На балкон вылез из комнаты Симон, круглый, как мяч, весь лысый, в белой сорочке, с отвислым животом и турецкими туфлями на босу ногу. Это был супруг хозяйки и папаша упрямого юноши.
Симон перевесился через балкон, придал своей физиономии свирепое выражение и внушительно сказал сыну:
— Подожди… Вот я сойду вниз. Я тебе покажу, как портить новые брюки. Перестань, говорят. Ты!.. Потерянный человек, кадет, карманщик.
— Вы сами, папаша, хороший карманщик, — ответил спокойно сын, не переставая кататься.
Симон побагровел, повернул голову к супруге и спросил:
— А?.. Ты слышишь?
— Слышу, — ответила со вздохом мамаша.
— Это ты все виновата. Ты его так разбаловала. Где палка?

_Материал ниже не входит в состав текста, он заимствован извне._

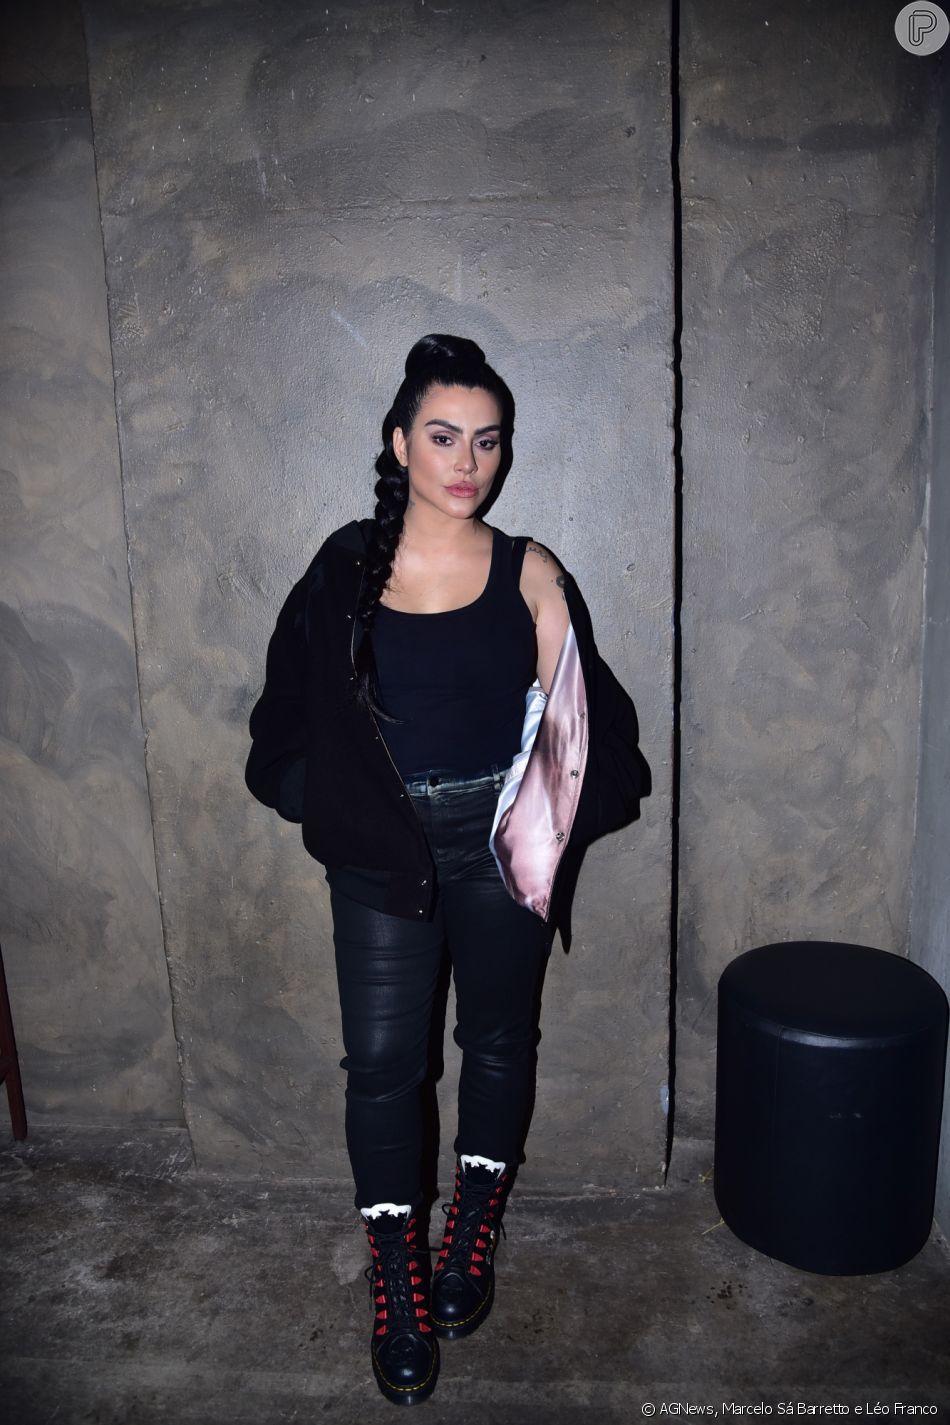 Cleo usou casaco de moletom, jeans da Diesel Brasil e coturno Dr. Martens

— Около дивана, в спальне.
Симон пошел искать палку.
Сценку эту наблюдали из окон две девицы в одних сорочках, с распущенными волосами, и прачка с высоко подоткнутой юбкой. Прачка стояла в дверях прачечной, откуда плыли густые облака пара.
Все покатывались со смеху.
Одна девица громко передразнивала хозяйку:
— Лева, осторожно! Ты разорвешь брюки.
Надя также не могла удержаться от смеха и ждала, что будет дальше.
Вот вышел на балкон Симон с толстой суковатой палкой и стал тяжело спускаться, как слон, вниз по деревянной лестнице.
— Вот я тебе покажу, — пыхтел он…
Кто-то постучал вдруг в комнату и Надя отскочила от окна.
— Можно? — спросил за дверьми робкий голос, душимый сильным кашлем.
— Можно, — ответила Надя.
Дверь открылась, и в комнату вошла та самая девушка, которую хозяйка пилила в присутствии Нади. На девушке, как прежде, была нижняя красная фланелевая юбка с черным рисунком и незастегнутая кофточка, показывавшая ее вдавленную грудь.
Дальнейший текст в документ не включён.